Adding new resolvers really is very simple and it’s the easiest part of the project for new developers to get involved in. There’s a base PHP resolver [1] I wrote which reduces the amount of boiler plate needed for a new resolver.
Hopefully people will contribute similar classes for other languages in the future.
[1] http://github.com/RJ/playdar-core/blob/master/contrib/phpresolver/playdarresolver.php
#2 by Fine Tuning on October 18, 2009 - 11:33 am
Great overview.
Audiogalaxy came to my mind when reading the introduction.
#3 by Robert Dyson on October 18, 2009 - 5:16 pm
This is awesome. Thanks for the article!
#4 by Lucas Gonze on October 23, 2009 - 5:59 pm
Great overview, Paul.
Here’s an issue that cropped up with installing the echonest resolver:
File “/Users/lgonze/bin/playdar-core/contrib/echonest/echonest-resolver.py”, line 14, in
import simplejson as json
ImportError: No module named simplejson
Obviously the fix is to find and install the module, but I figured you’d want to know about the hurdle.
#5 by Paul on October 24, 2009 - 6:40 pm
Ah, thanks much – it is easy to forget which python modules are not standardized.
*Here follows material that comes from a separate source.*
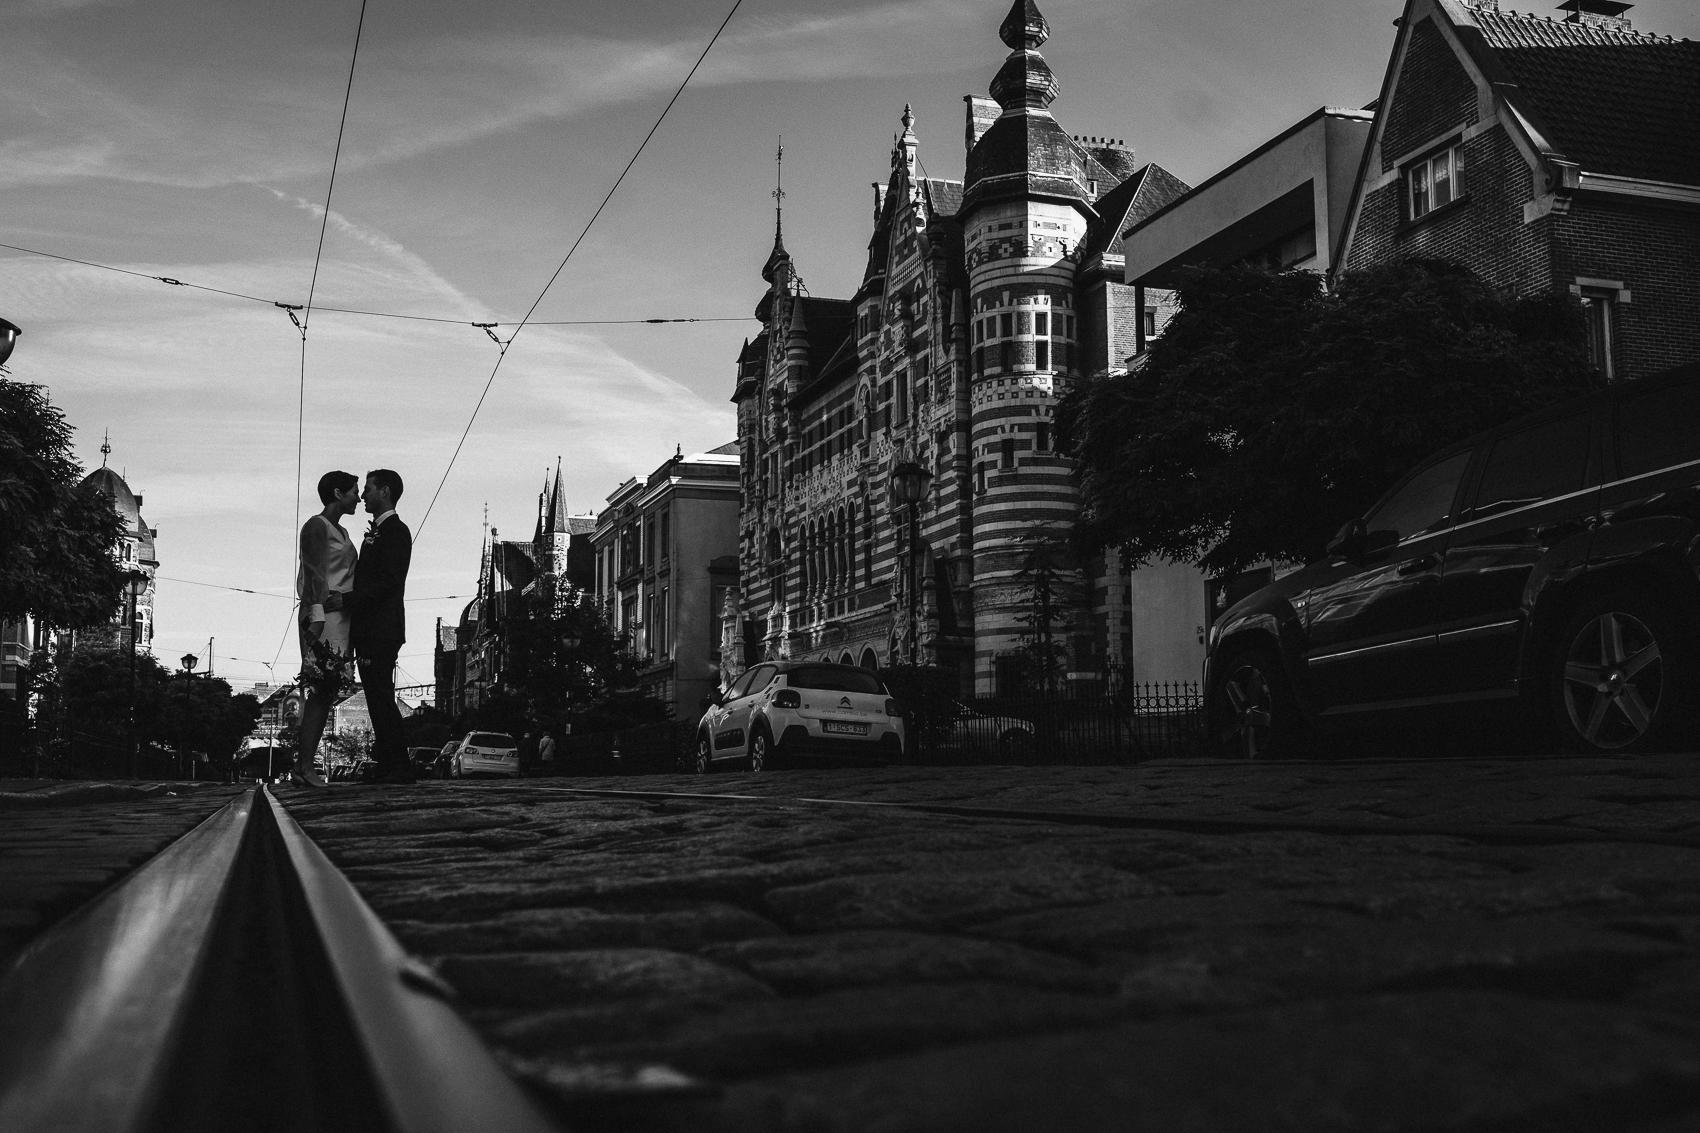 iso800 - huwelijksfotograaf Jacinth en Jens Antwerpen-13.jpg
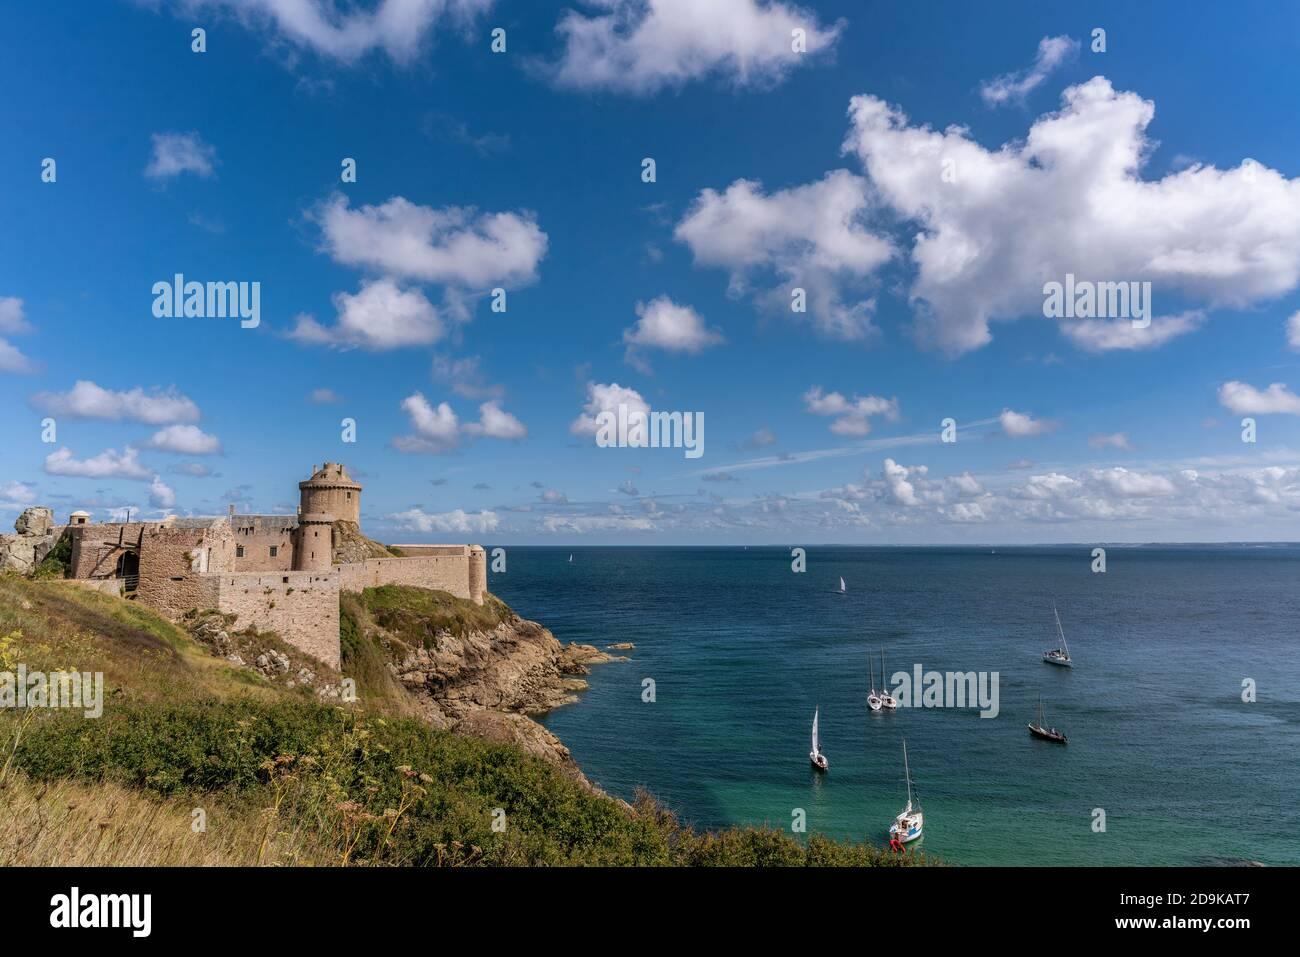 """Felsenburg Fort La Latte, Chateau de la Roche Goyon,  Cap Frehel, Filmkulisse """" Die Wikinger"""" mit Kirk Douglas und Sat 1 Produktion """" Tristan und Isol Stock Photo"""

#6 by zazi on November 1, 2009 - 5:56 pm
All in all, Playdar seems really interesting. Nevertheless, there is still the old known problem that people often do not really know the name of track. So it’s up on EchoNest and other people involved in music content analysis to bridge that gap. Of course, it will also be very interesting how such a application will scale in the large. Do the 50 or 100 or people like to recieve streams from my PC? At least I don’t really know if it is really legal when I stream the music. It is, in my opinion, a kind of broadcast (and the old problem with the intellectual property management).